Testing and early development (Fall 2018)

Mail Delivery Deployment (Summer 2019)

UC San Diego RoboCar


The UC San Diego RoboCar is an ongoing project that is being used to explore and learn more about autonomous vehicle technologies. In this initial phase, our team used steering, throttle and a camera as inputs to train a neural network model. Using low-cost components (Raspberry PI, camera, and PWM) , we were able to achieve autonomy after training the vehicle on a track for fifteen laps. The robocar's behavior was non-deterministic and displayed self-correcting capabilities when wrong turns were made. Future work involves using ROS and the NVIDIA Jetson TX2 to develop a model that is capable of navigating autonomously after creating a 3D map of the area.

Optimizing Two-Dimensional Convolution Accelerators for Area, Energy, and Flexibility


Two-dimensional convolution calculations have direct applications in image processing, filtering and pattern detection. Highly optimized hardware accelerators are capable of increasing performance on very specific computational tasks by large factors over sequential software applications.

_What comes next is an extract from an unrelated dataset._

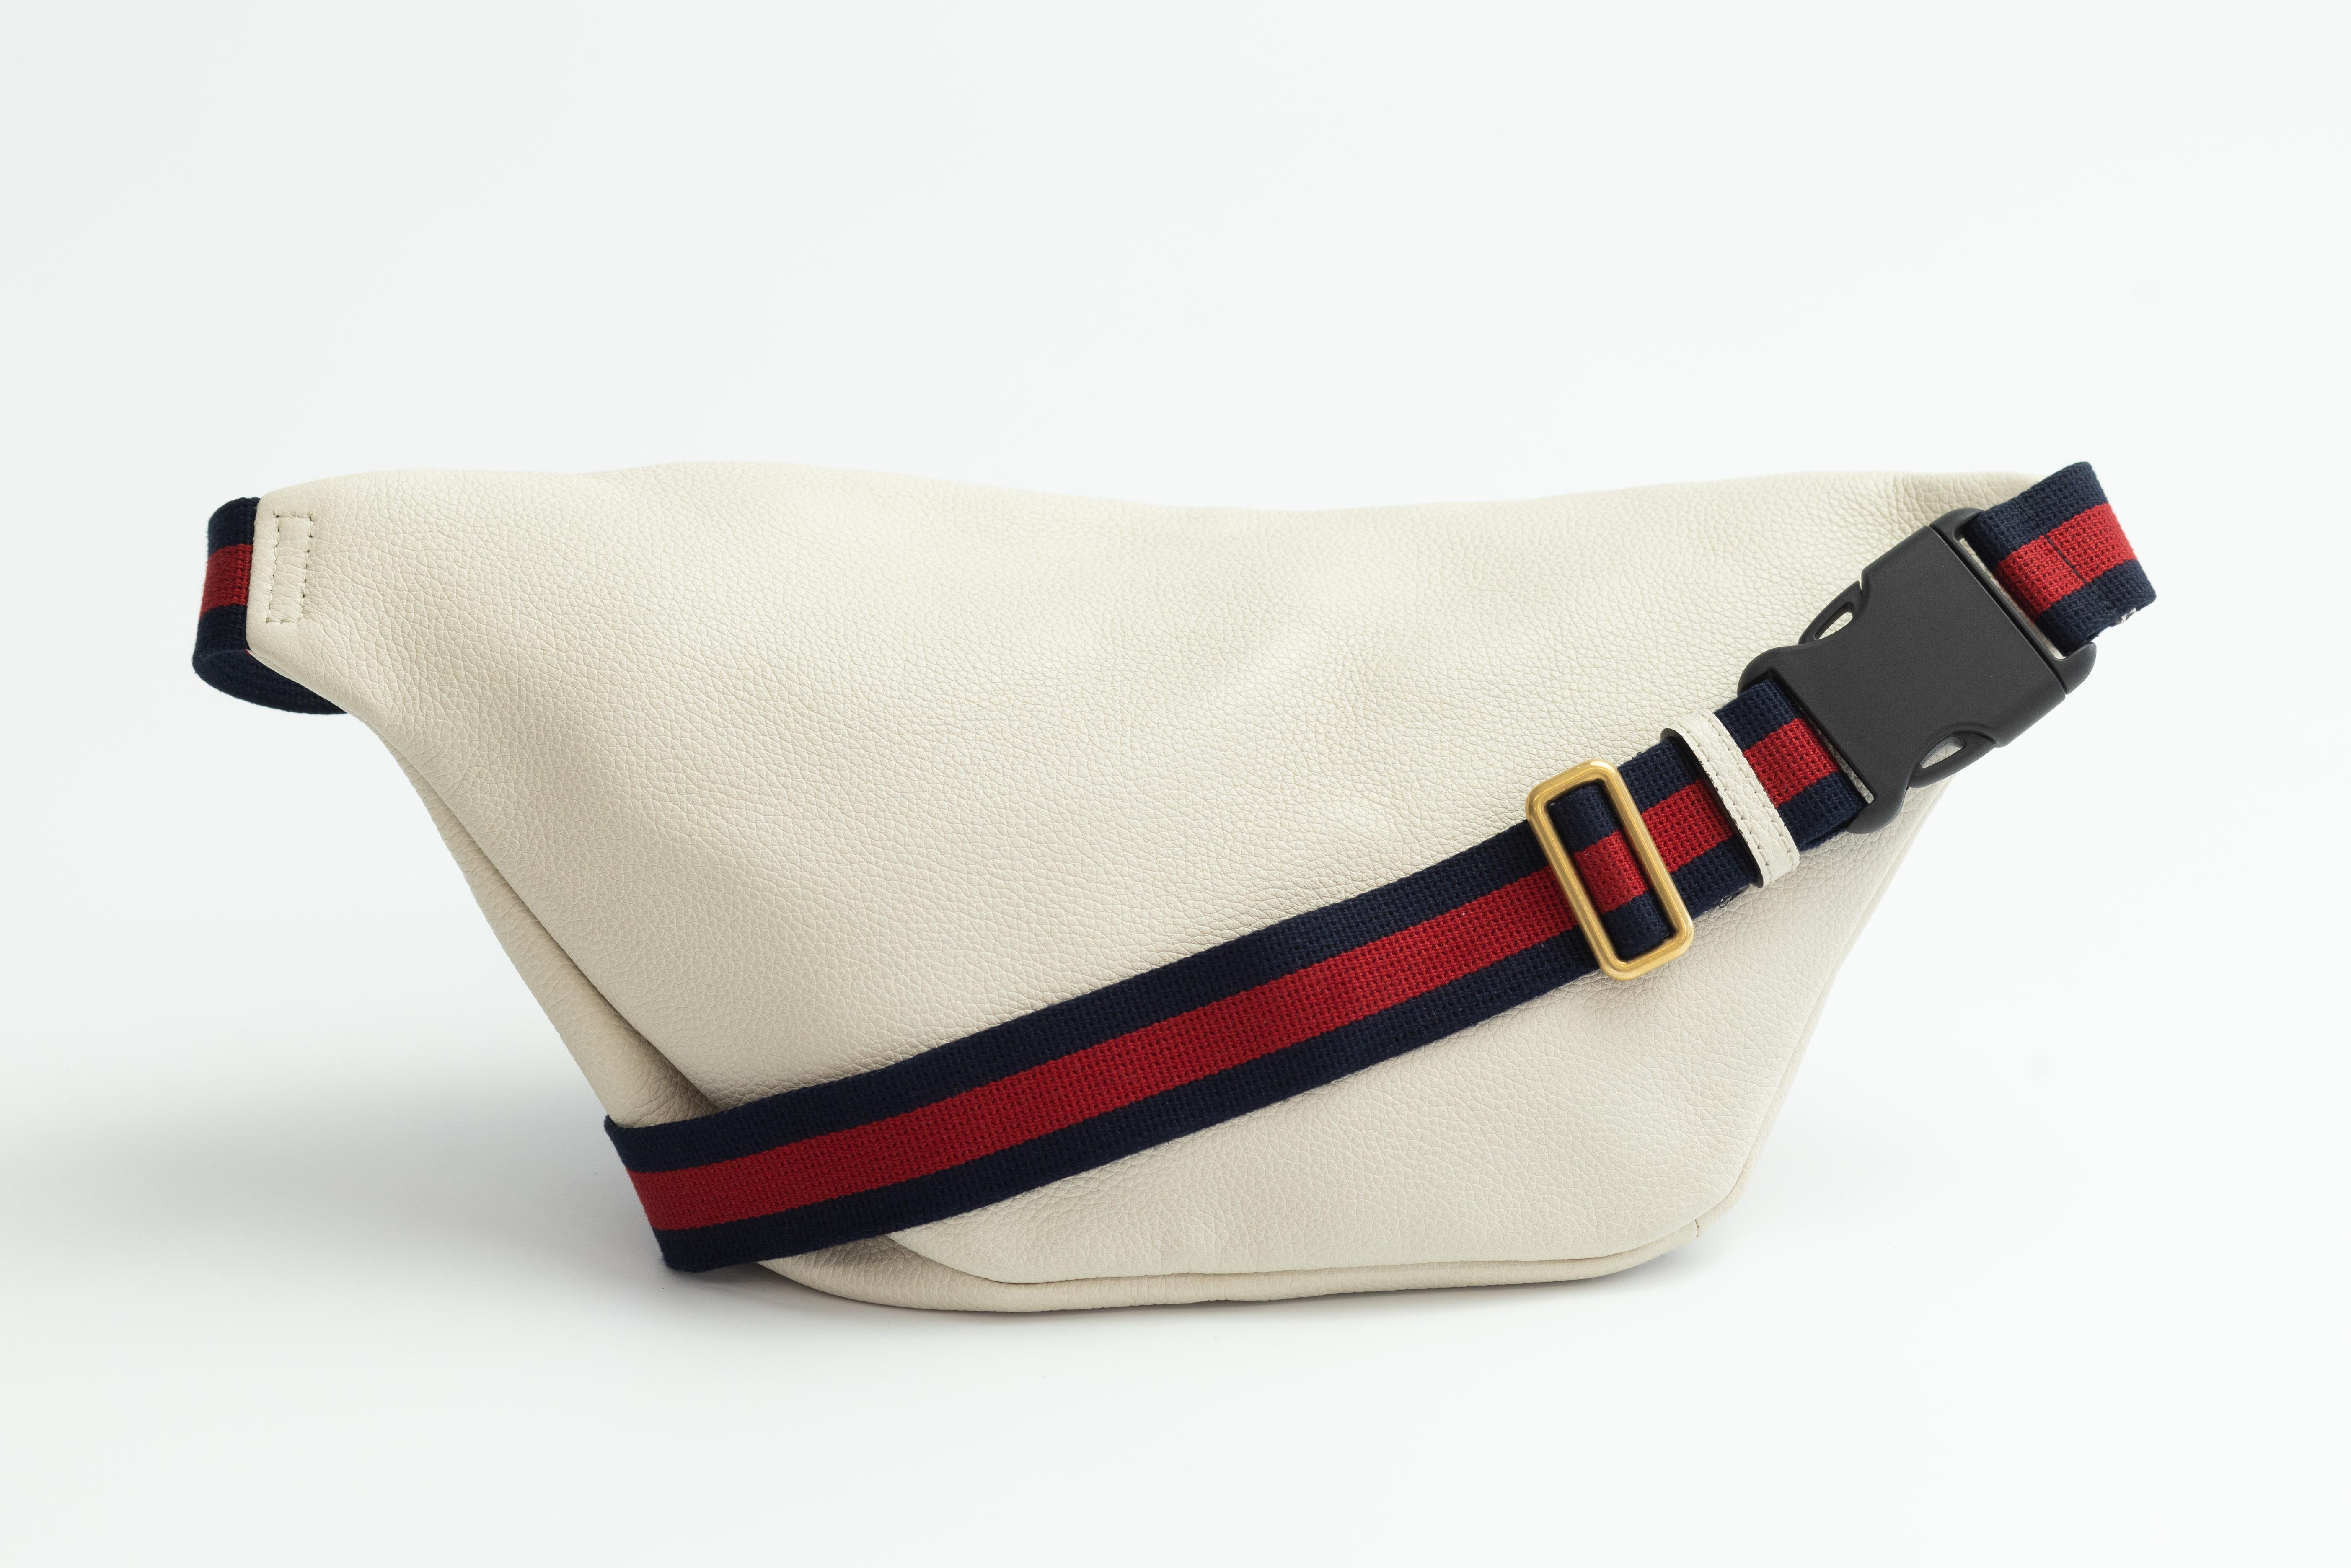 Ce sac ceinture est en cuir blanc avec un logo Gucci vintage. Ce sac est doté d'une ceinture en nylon marine et rouge réglable qui peut être portée comme sac de ceinture sur la hanche ou à la taille. La fermeture à glissière sur le devant s'ouvre
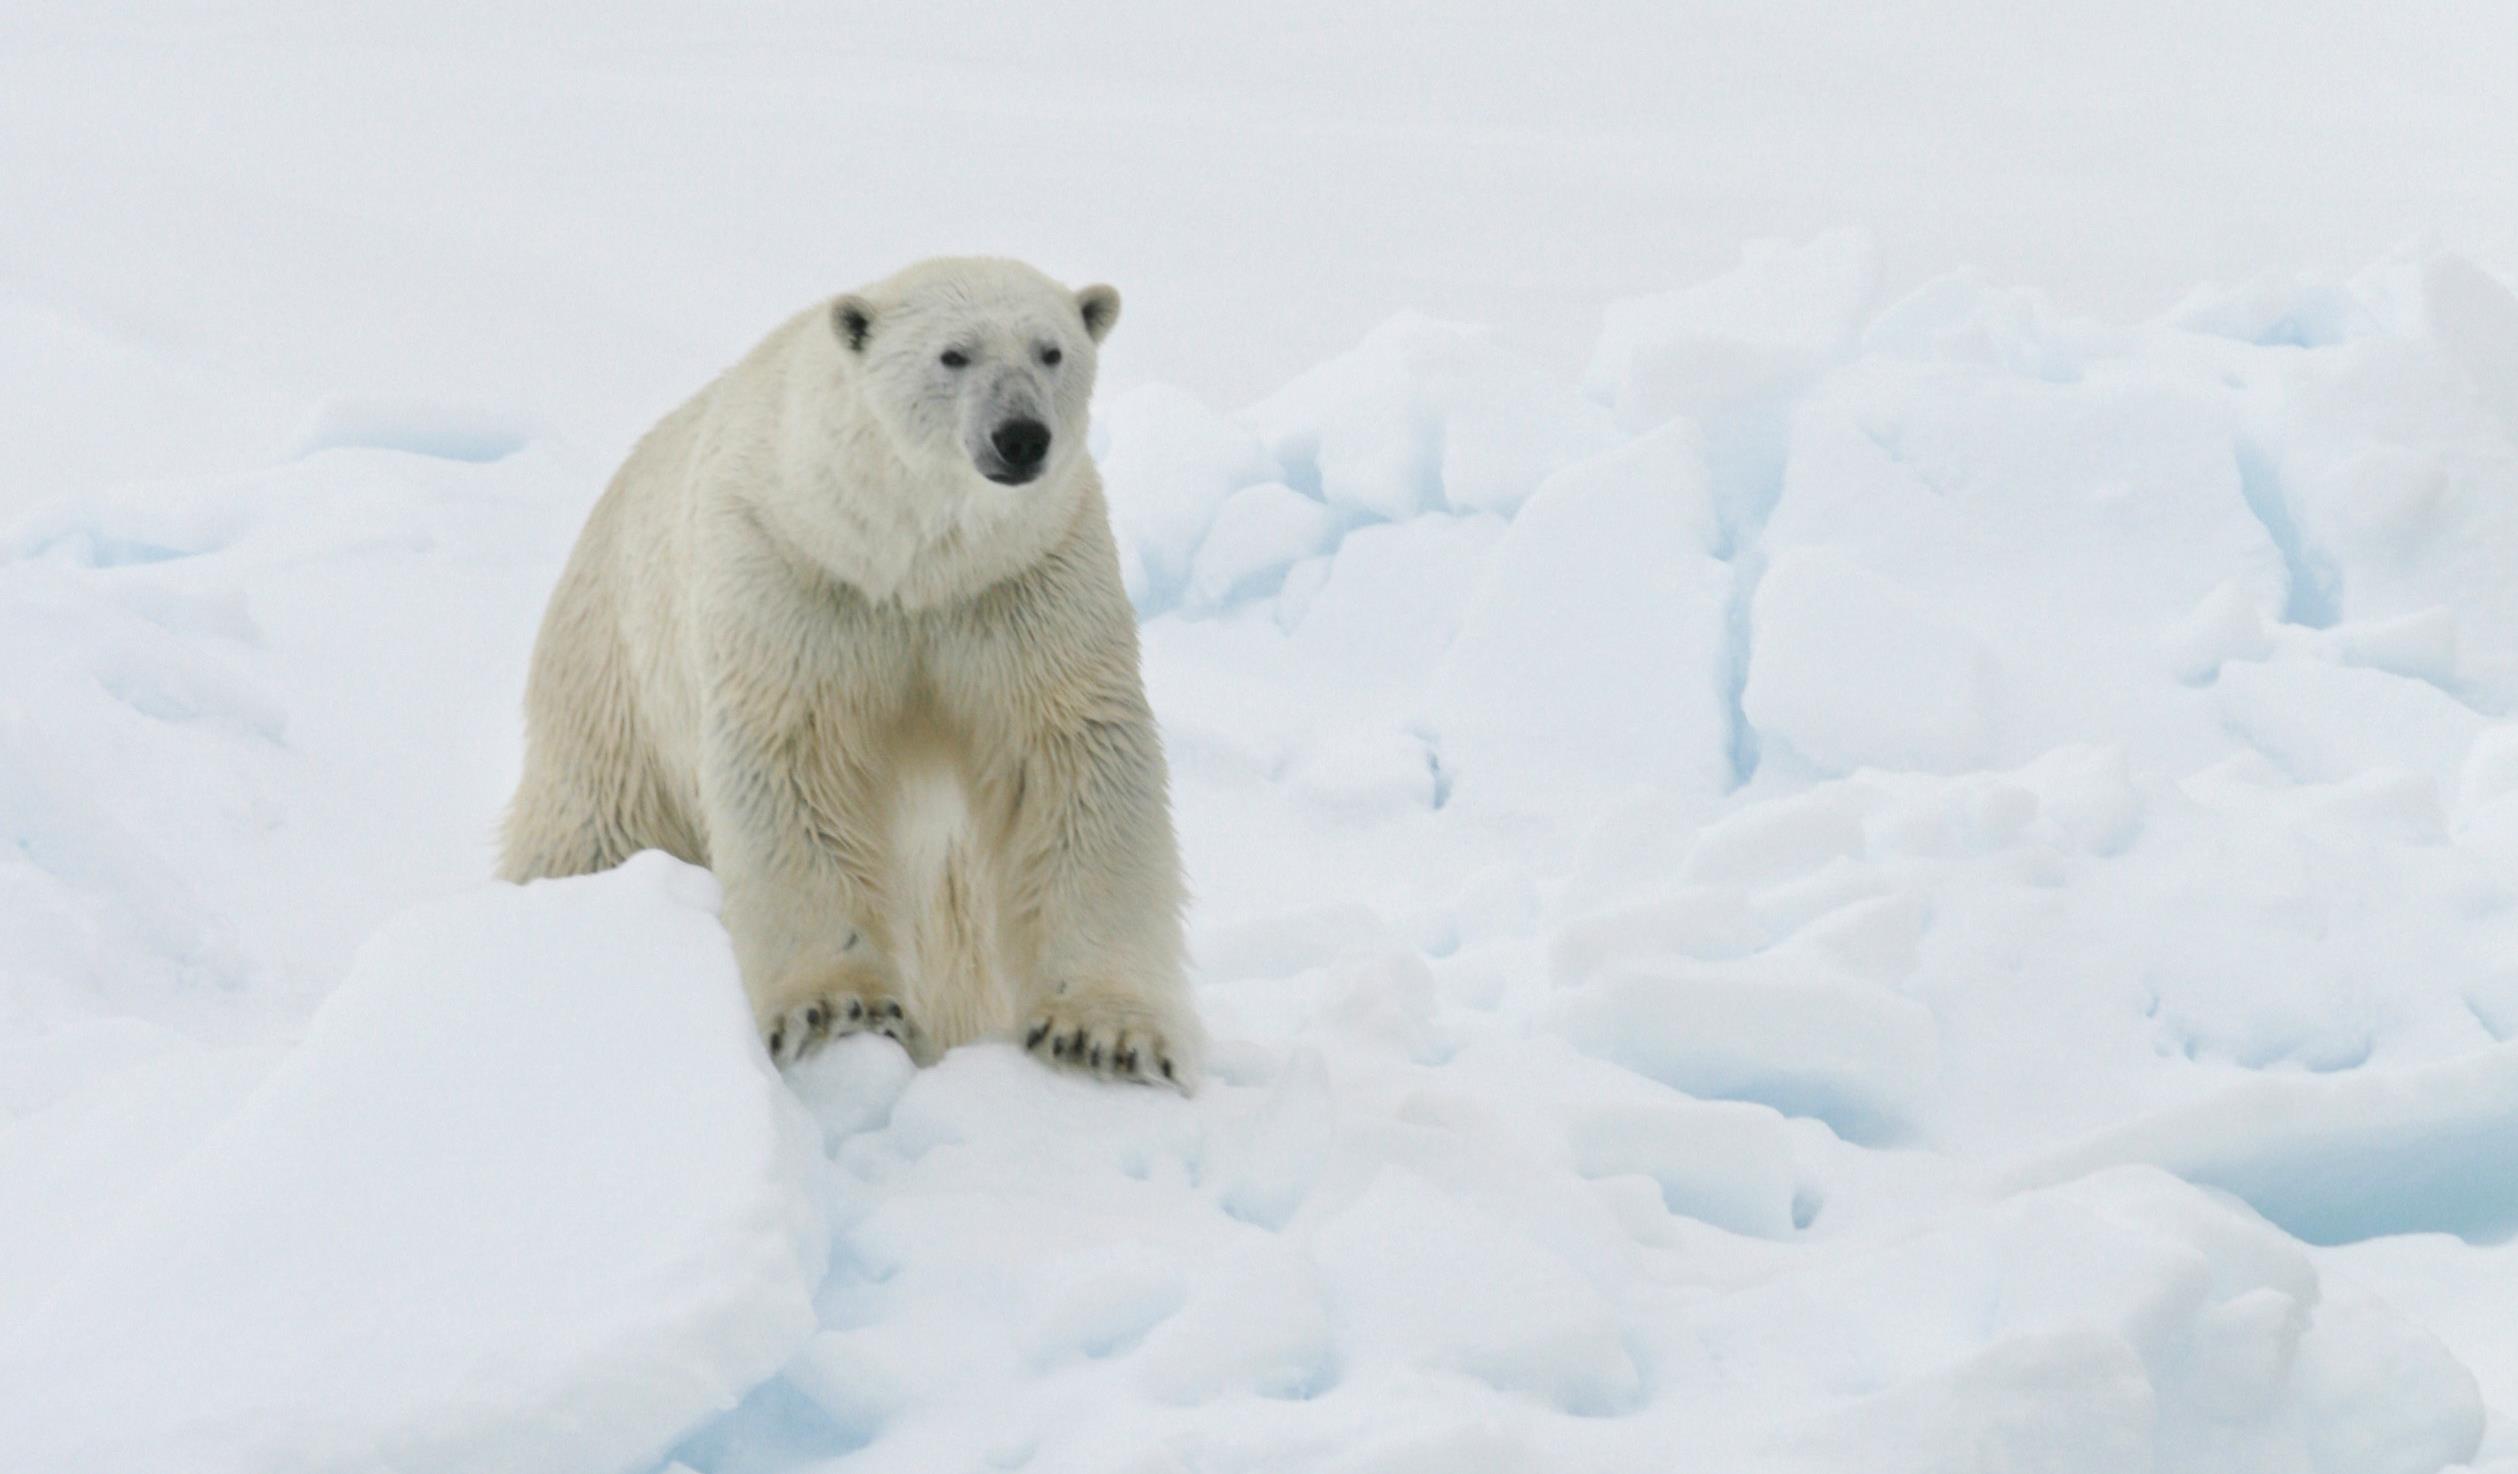 Μην έρθετε, έχουμε κρύο και αρκούδες: Χωριό διώχνει τουρίστες για την έκλειψη

These accelerators are often optimized for instructions per clock cycle. However, one important aspect of hardware accelerator design that is often overlooked relates to application flexibility. For instance, Convolution Neural Network (CNN) accelerators are designed with a predefined number of accelerator cores and application specific tasks that may not be modified dynamically and can be expensive. This study aims to develop energy efficient and flexible two-dimensional convolutional accelerators ideal for IoT and smaller devices to provide significant performance gains over sequential computations and flexibility over application-specific accelerators such as CNN accelerators. Bluespec System Verilog (BSV) has been used to develop the accelerator by implementing pipelined Full Binary Tree structures. These structures have been fully incorporated into a three-stage pipelined RISC-V processor, and they are capable of interacting directly with memory and exploit temporal locality to maximize performance with minimal energy and area cost, while providing users with fine-grain control of their kernel and matrices.

Abstract: PDF
MSRP Poster (1-D and 2-D Accelerators): PDF

Performance Analysis of Applications using Singularity Container on SDSC Comet


This study aims to analyze the properties and HPC performance implications of Singularity to determine if container benefits amortize the overhead cost. Multiple nodes on the Comet supercomputer at the San Diego Supercomputer Center were used to analyze and compare (between Singularity and non-Singularity) performance of resource intensive applications and benchmark codes such as NEURON and Intel MPI Benchmarks (IMB). NEURON software was used to simulate a complex neural network model, and the OSU and IMB benchmarks were used to calculate the latency and communication efficiency for MPI. The containerized runtimes were directly compared with the corresponding non-containerized runtime of jobs to analyze the performance of each method. For future work, we plan to explore other technologies such as Shifter and study their performance on HPC.

ACM Publication: PDF
PEARC17 Poster: PDF

A Portable and Reusable Lead Detecting Device


In many developing countries, daily consumption of water from polluted sources is the cause of thousands of deaths. Although natural sources of water contain certain elements which are safe and essential for the human body, an estimated of 143,000 deaths were the result of lead exposure worldwide. In particular, exposure to high concentrations of lead can lead to brain and kidney damage. Efficient methods for the detection of lead and other harmful heavy metals have been developed; however, these methods are expensive or non-portable. This study aims to develop a low cost, portable electronic device that is capable of detecting high concentration of lead in water and provide real time updates to the user in order to prevent ingestion. Unlike other approaches, pairing graphene with Modified Multi-Walled Carbon Paste Nanotubes (MWCNT) allows us to effectively detect changes in lead concentrations due to their highly accurate and lead-selective properties. This process requires a potentiometric approach; the resistive element embedded in the sensor--composed of MWCNT--indicates an increase of lead ion concentration when the electric potential drops. The process of this detection is lead selective and can be mathematically calculated by using Ohm’s law to display and notify the user. With the use of UHF RFID technology(ultra-high frequency radio frequency identification) and NFC (near field communication), the signal from the sensor is detected and sent to a device to be interpreted.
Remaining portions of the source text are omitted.